James Mayberry

No. 39
- Position: Running back

Personal information
- Born: November 5, 1957 (age 68) Amarillo, Texas, U.S.
- Listed height: 5 ft 11 in (1.80 m)
- Listed weight: 210 lb (95 kg)

Career information
- High school: Tascosa (TX)
- College: Colorado
- NFL draft: 1979: 3rd round, 75th overall pick

Career history
- Atlanta Falcons (1979–1981);

Awards and highlights
- 2× Second-team All-Big Eight (1977, 1978);

Career NFL statistics
- Rushing yards: 347
- Rushing average: 4.3
- Rushing touchdowns: 1
- Stats at Pro Football Reference

= James Mayberry =

American football player (born 1957)

James Loyd Mayberry (born November 5, 1957) is an American former professional football player who was a running back for the Atlanta Falcons of the National Football League (NFL). He played college football for the Colorado Buffaloes. He also played in the USFL for the Washington Federals.

In Mayberry's first professional football game, the Falcons faced the rival New Orleans Saints in the Louisiana Superdome. With the game tied 34–34 in sudden death overtime, Mayberry intercepted a hurried chest pass by Saints punter Russell Erxleben, who was forced to retrieve the ball at the goal line after a high snap by long snapper John Watson.
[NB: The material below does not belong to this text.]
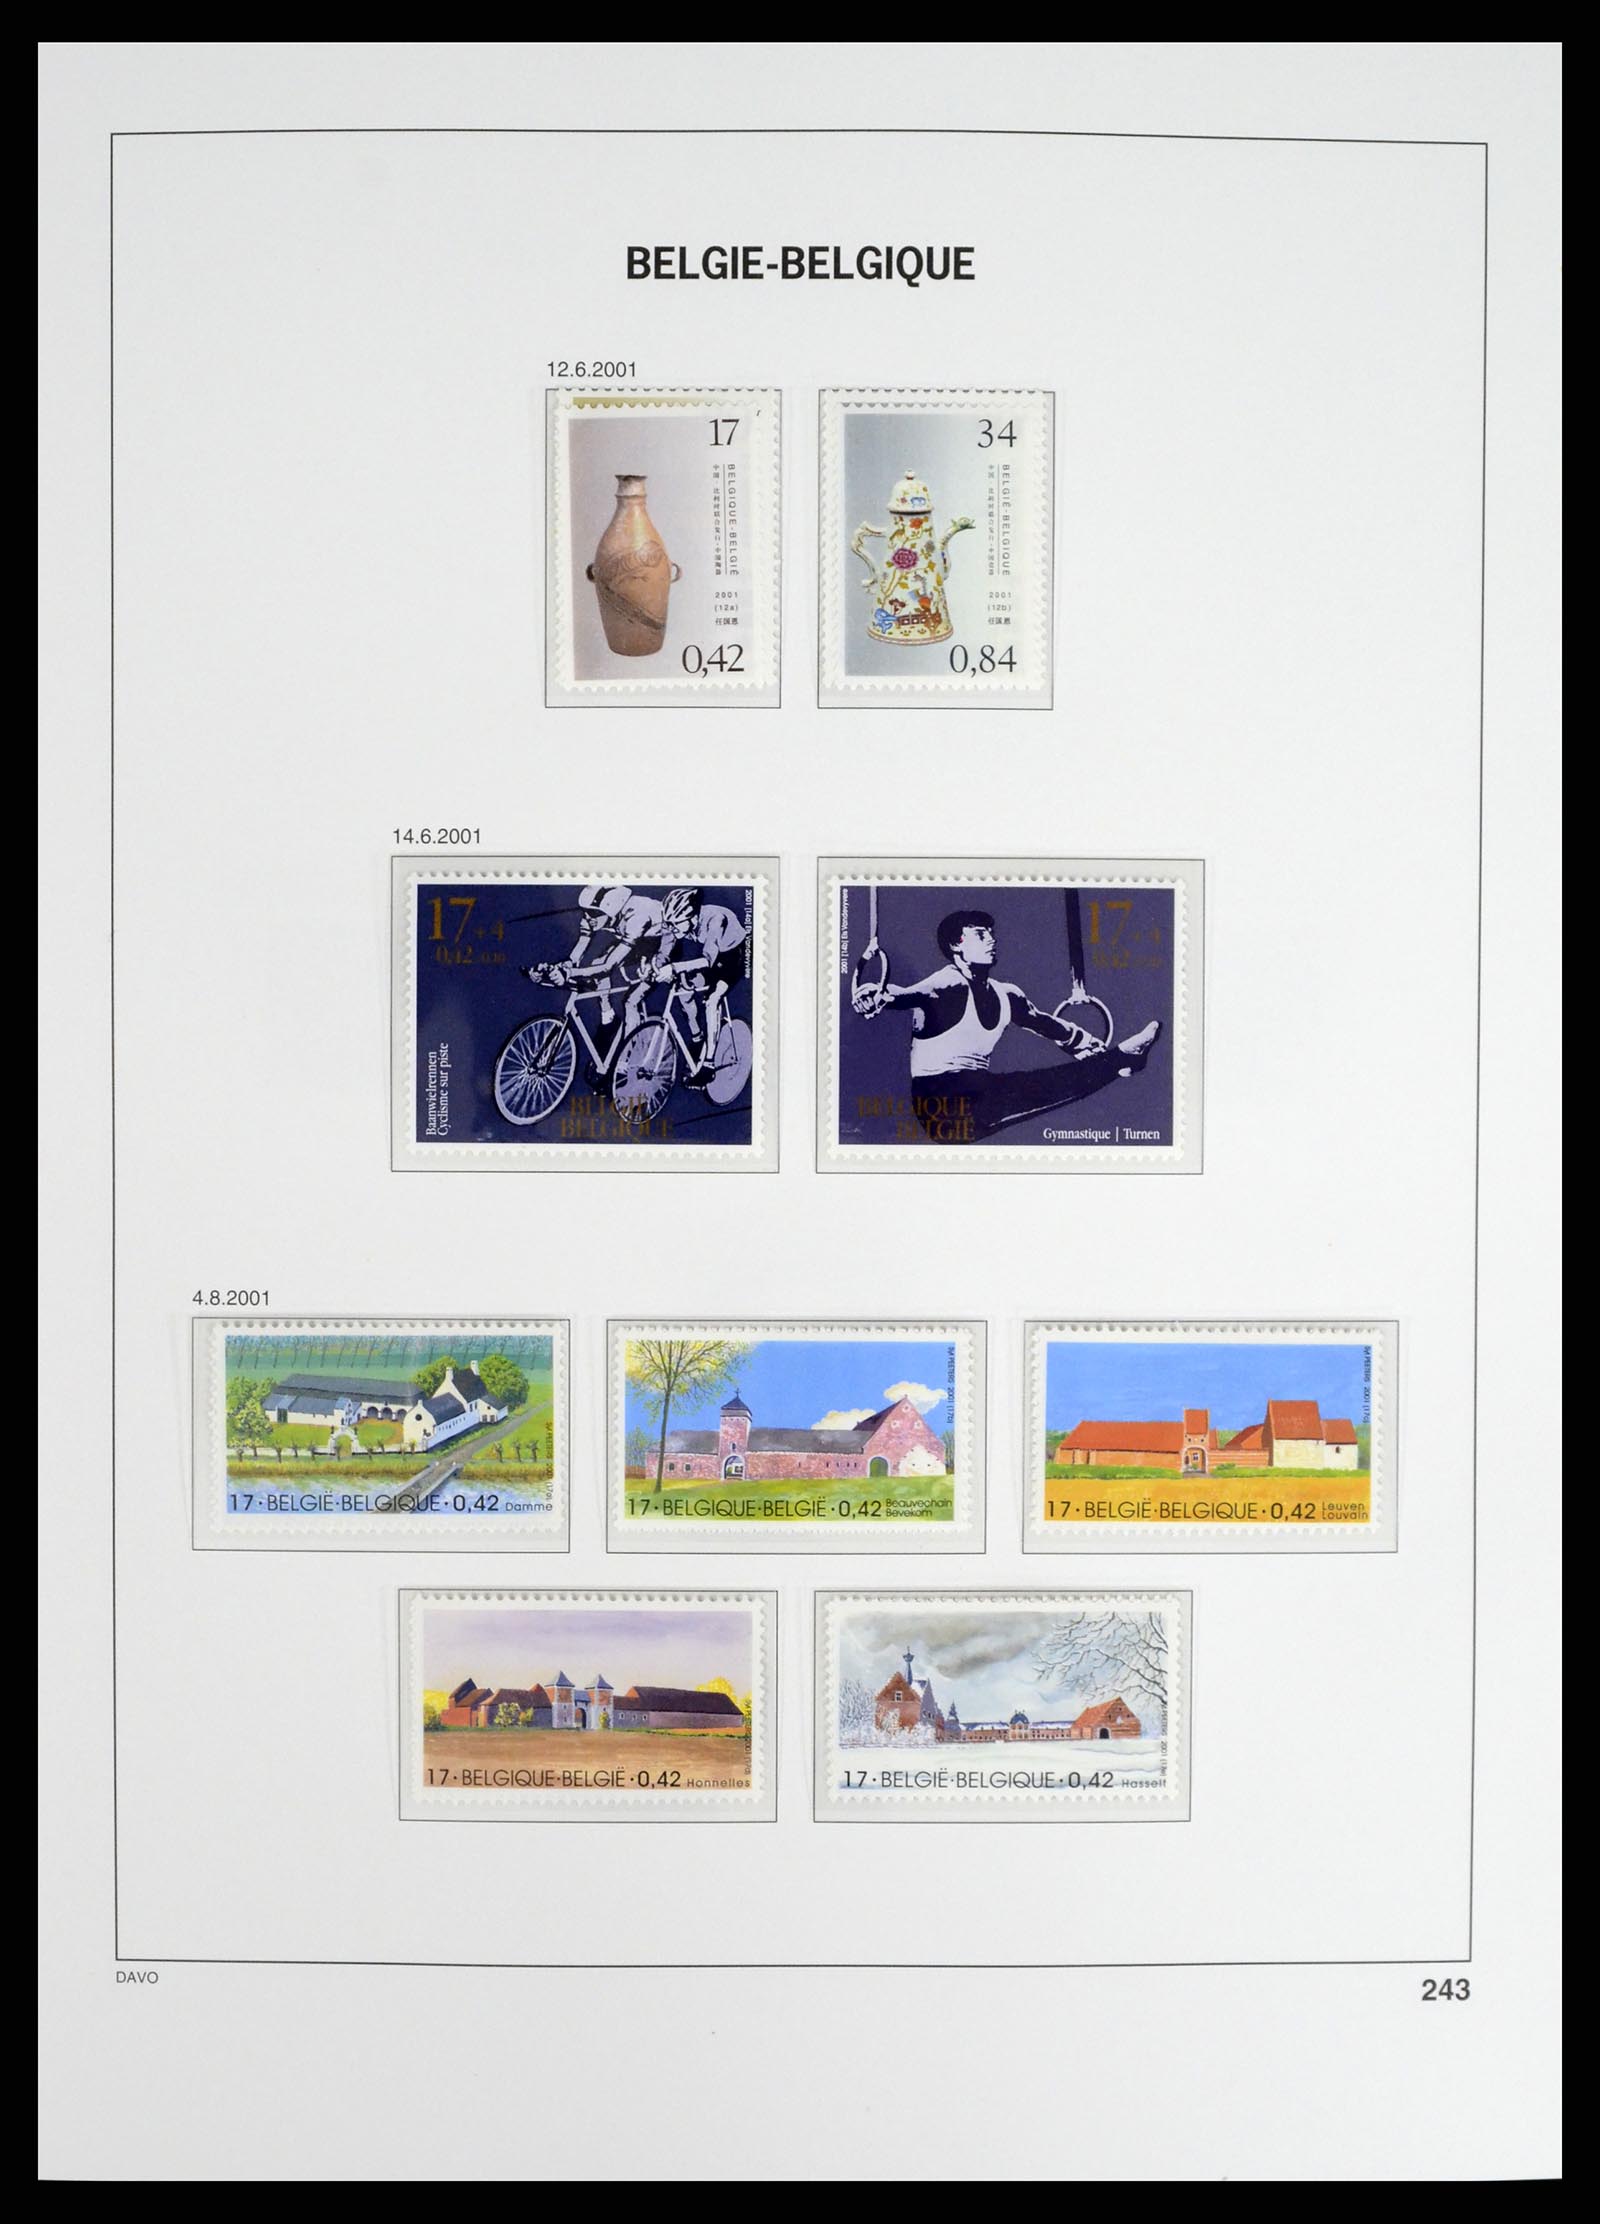 37368 178 - Stamp collection 37368 Belgium 1969-2003.

Mayberry caught the ball in stride at the 6-yard line and waltzed untouched into the end zone to give the Falcons a 40–34 victory, Atlanta's third consecutive win over New Orleans in which the Falcons scored the game-winning touchdown in the final seconds of regulation or overtime. The loss ended up keeping the Saints from their first winning season, as they finished 8-8.